My Nethie, Toby, does this. I've never scolded him for it, because he's never bit me while doing it. He has "missed" the nail tip and nipped my finger, but I know he didn't do it on purpose. He only nips when I am not petting him enough. lol


----------



## phantomapfel (Jan 14, 2009)

*kherrmann3 wrote: *


> My Nethie, Toby, does this. I've never scolded him for it, because he's never bit me while doing it. He has "missed" the nail tip and nipped my finger, but I know he didn't do it on purpose. He only nips when I am not petting him enough. lol



I didn't scold her so much as I pulled my fingers away, and calmly said no. She hasn't really bitten me as much as I think I pulled my fingers away too fast and she "gummed" my knuckle. No blood, no pain.


----------



## kherrmann3 (Jan 14, 2009)

My guy does this to my whole face. It took me months to not be afraid of him doing it! It's good that you've never been chomped on by your bun while doing this. 
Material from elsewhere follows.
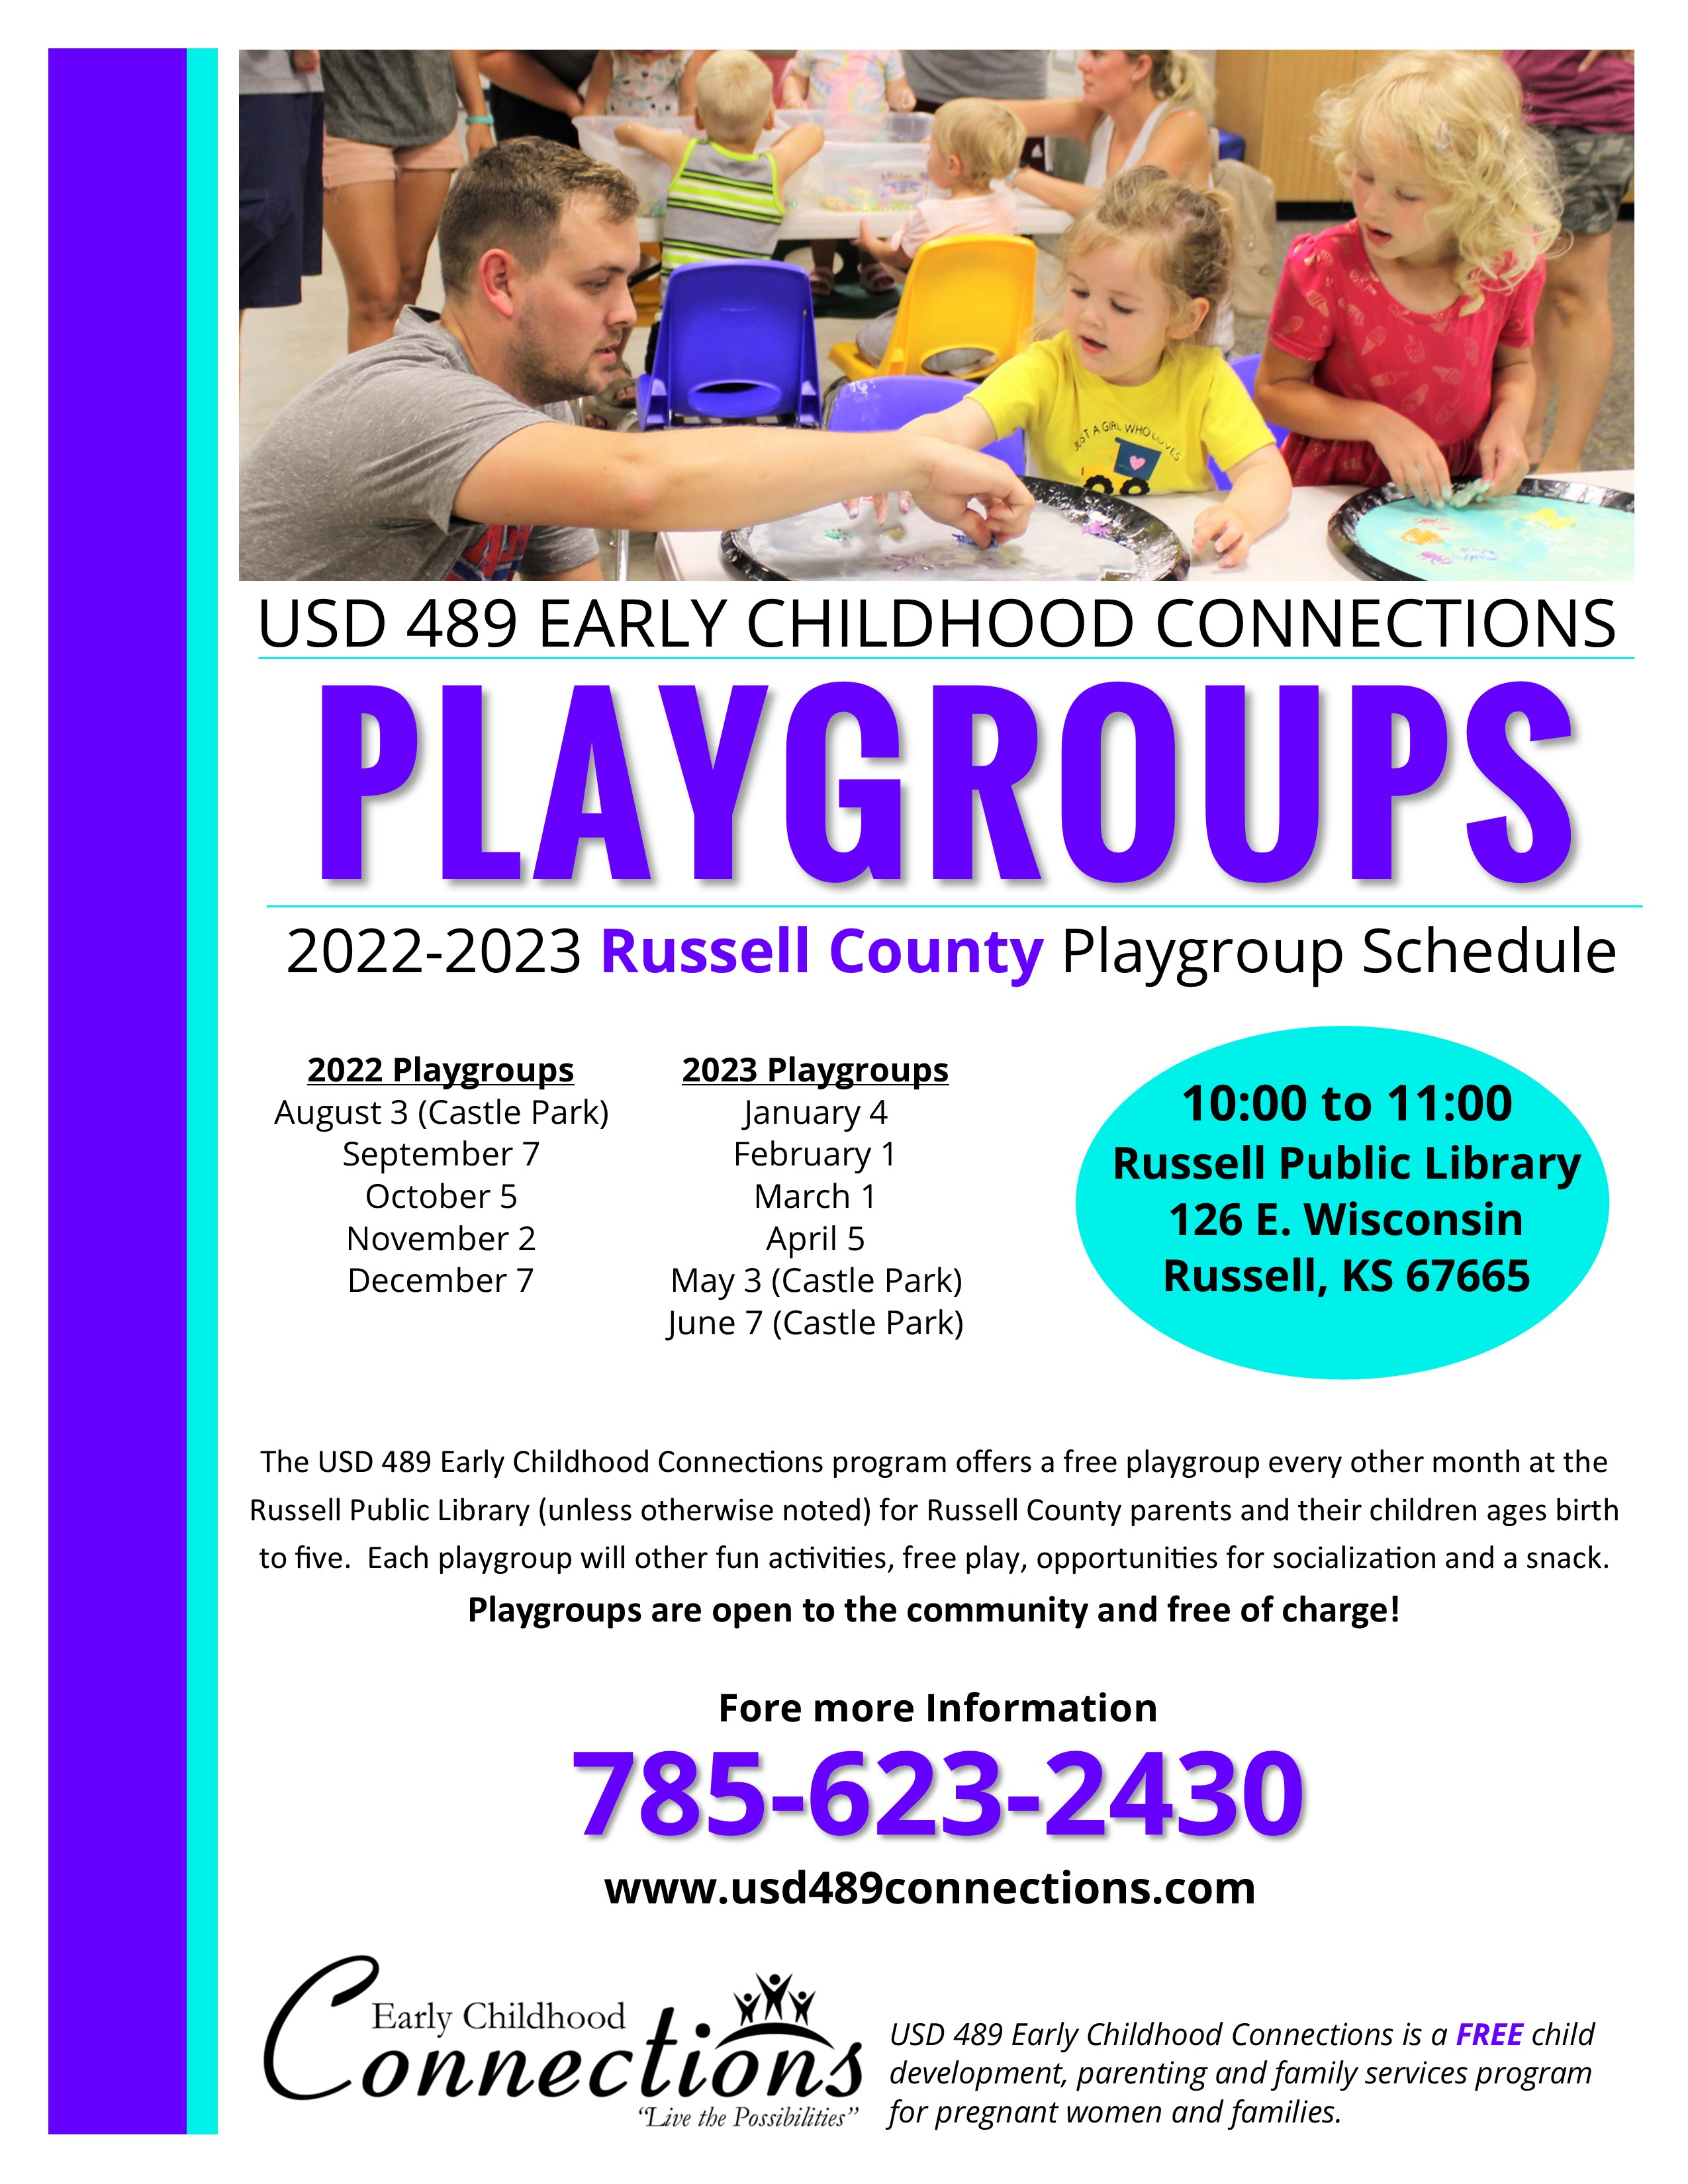 Russell Playgroup Schedule

(I think that last sentence sounds funny, but I am too tired and can't figure out what part is wrong :?)


----------



## phantomapfel (Jan 14, 2009)

*kherrmann3 wrote: *


> My guy does this to my whole face. It took me months to not be afraid of him doing it! It's good that you've never been chomped on by your bun while doing this.
> 
> (I think that last sentence sounds funny, but I am too tired and can't figure out what part is wrong :?)


When she bit me I didn't bleed, and it didn't hurt so I was fine with the slight nibbling.


----------